— Dataset content —
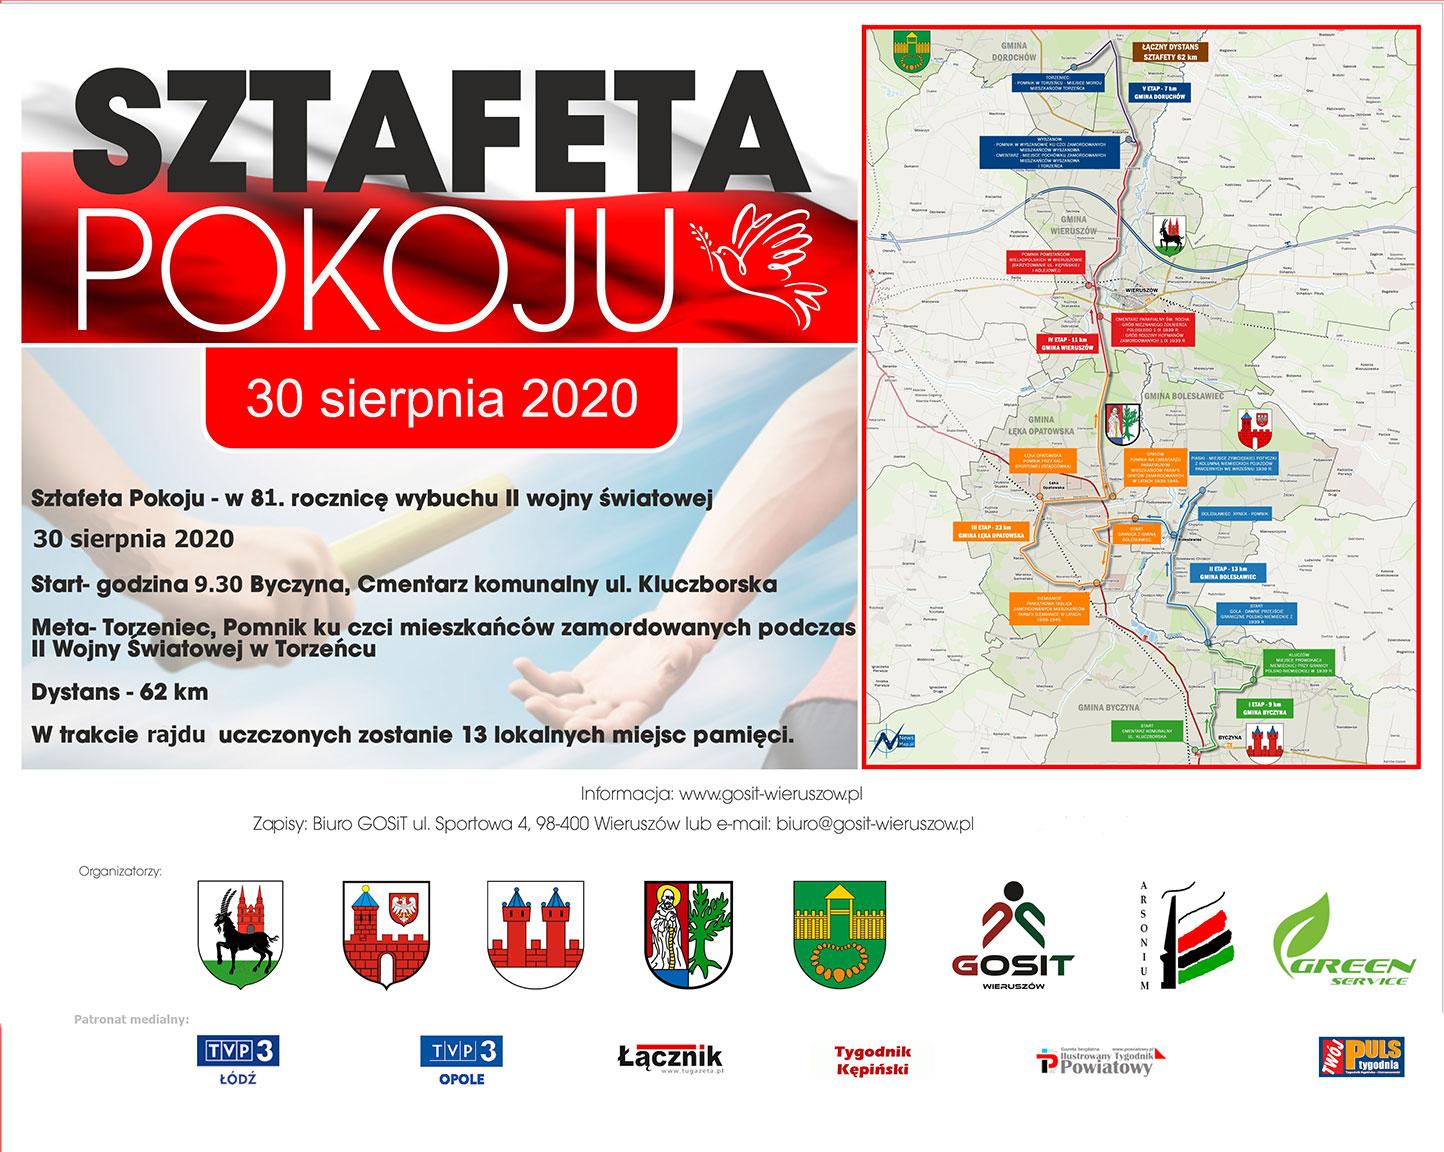 Sztafeta Pokoju 2020
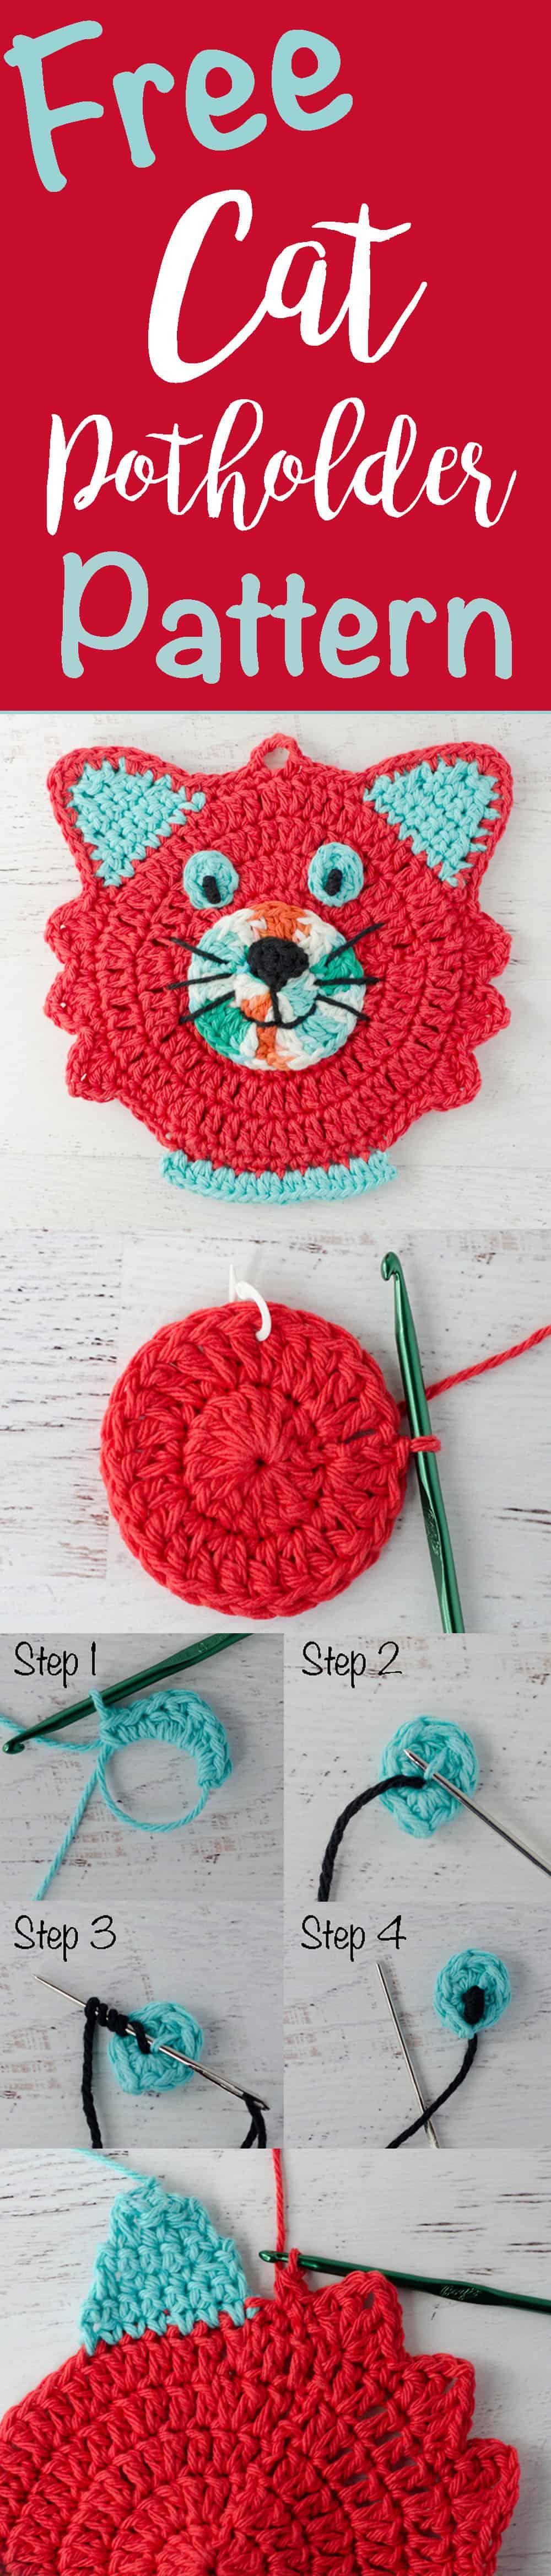 Crochet Cat Potholder Pattern - Crochet 365 Knit Too
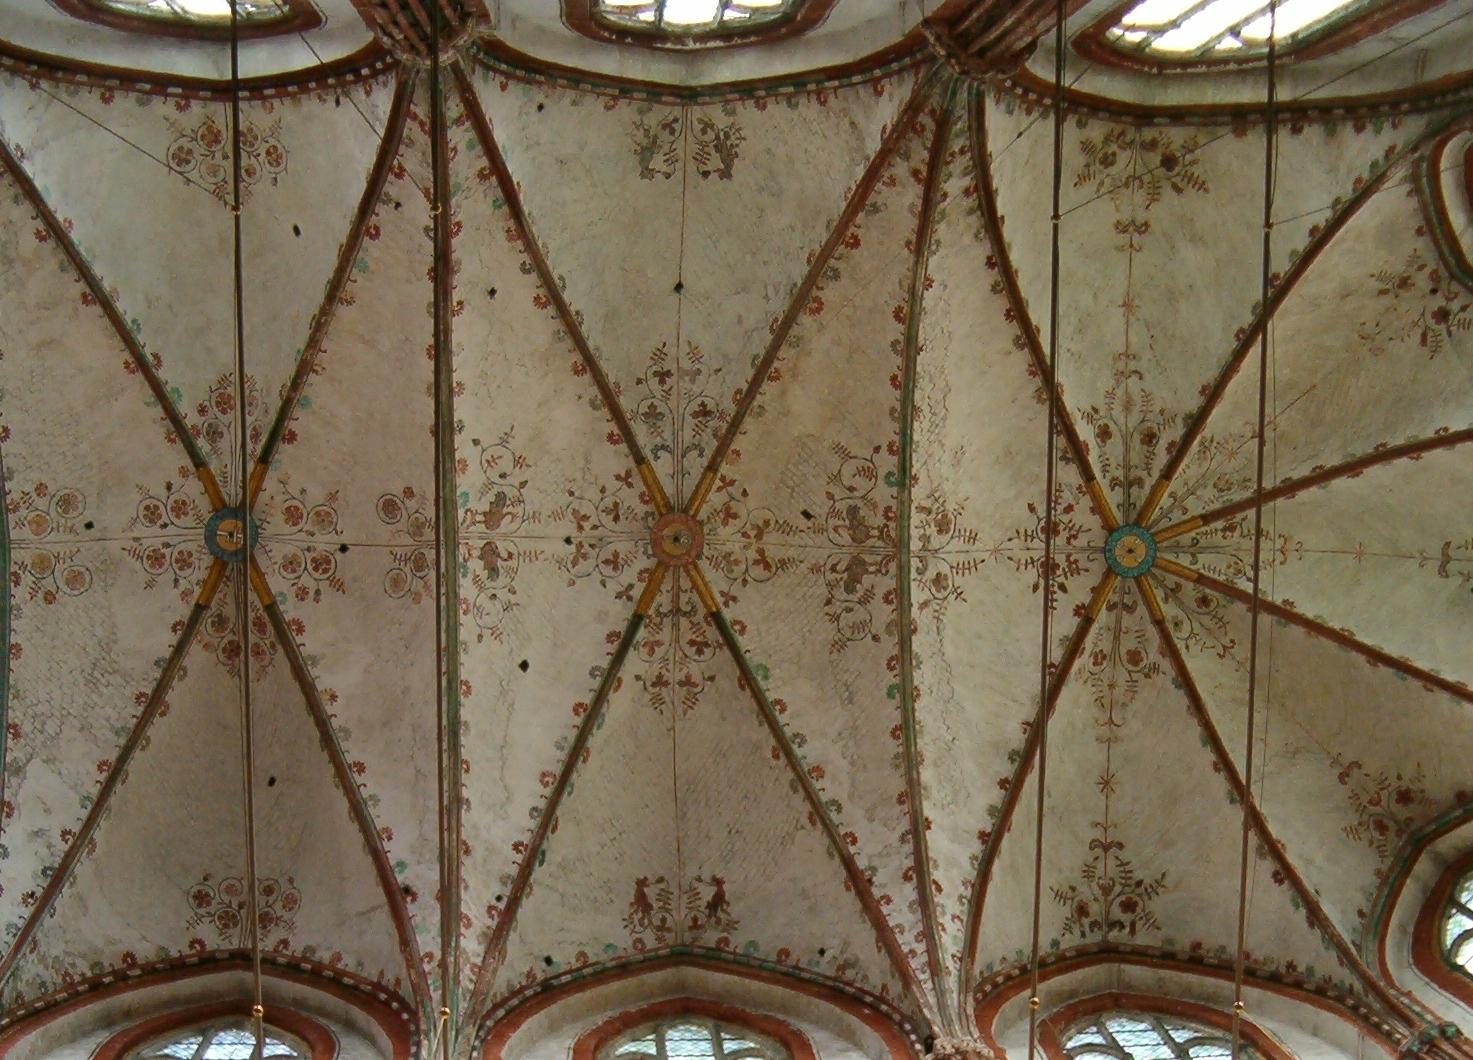 St. Marien, Kirchenschiffdecke

— What to do —
All of the data above needs to be retyped exactly, with the pictures removed.

— Output below —
 Sztafeta Pokoju 2020
 Crochet Cat Potholder Pattern - Crochet 365 Knit Too
 St. Marien, Kirchenschiffdecke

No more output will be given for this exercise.